BACKGROUND OF THE INVENTION 1. Field of the Invention The present invention relates to a projection optical system and an image forming apparatus suitable for a printer, a copying machine, and the like, and more particularly, to realize a wide angle of view and high resolution while suppressing an increase in the number of lenses. The present invention relates to a projection optical system and an image forming apparatus.

[0002]

2. Description of the Related Art As a conventional image forming apparatus, for example, there is one disclosed in Japanese Patent Application Laid-Open No. 9-193450. The image forming apparatus includes a laser array having a plurality of laser light emitting elements arranged in an array, a field lens for condensing a plurality of laser lights emitted from each laser light emitting element at a converging point, and a A projection optical system including a lens group that forms a plurality of laser beams emitted from the element onto respective image forming points, and a photosensitive drum that can position an exposure area at each of the plurality of laser light image forming points A plurality of laser beams emitted from each laser light emitting element according to an image signal are condensed at a converging point by a projection optical system, and are imaged on a photoconductor as a plurality of light spots. The photosensitive drum rotates at a predetermined speed in the sub-scanning direction, and an electrostatic latent image corresponding to an image signal is formed on the surface thereof. After the electrostatic latent image is developed with toner, it is transferred and fixed on a recording sheet as a toner image to form a recorded image.

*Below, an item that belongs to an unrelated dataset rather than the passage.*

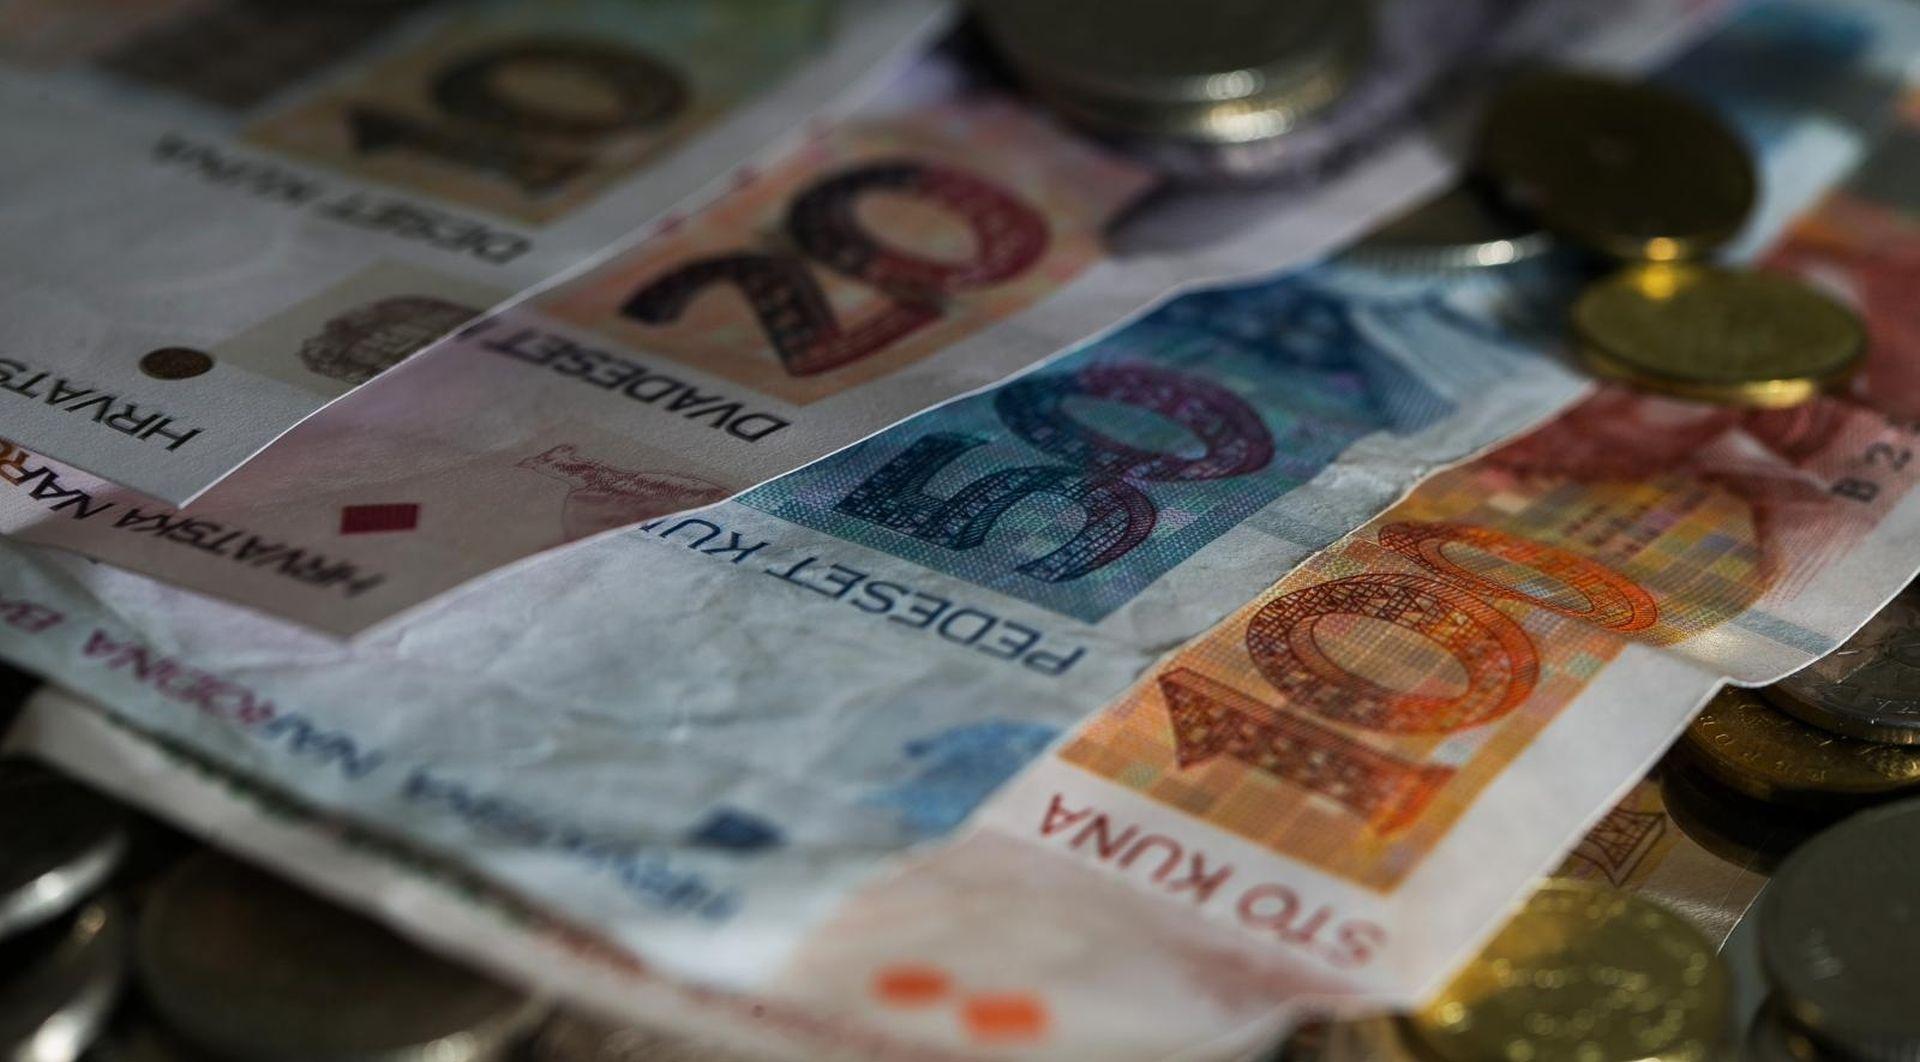 DZS Prosječna neto plaća za listopad 6.281 kuna

In such an image forming apparatus, a plurality of laser beams emitted from a laser array are condensed so as to have a predetermined light spot diameter required for image formation, and are formed into an image on a photosensitive member. A large-angle, high-resolution projection optical system is required.

[0004]

However, according to the conventional image forming apparatus, when the angle of view of the projection optical system is increased, an aberration occurs in a light spot formed on the photoreceptor. Will be difficult to do. If a lens for correcting this aberration is provided, the number of components increases and the cost of the apparatus increases. In addition, if the angle of view is reduced to suppress aberration, there is a problem that the size of the projection optical system increases in the optical axis direction and the entire apparatus becomes large. Accordingly, an object of the present invention is to provide a projection optical system and an image forming apparatus capable of increasing the angle of view and achieving high resolution without increasing the number of lenses.

[0005]

In order to achieve the above object, the present invention provides a light source for emitting image signal light based on image information and a first light source for correcting aberration in a first direction of the image signal light. An imaging lens unit having a shape and a lens having a second shape for correcting aberrations of the image signal light in a second direction orthogonal to the first direction, wherein the object side is telecentric; A projection optical system having a stop between an imaging lens unit and a projection plane is provided.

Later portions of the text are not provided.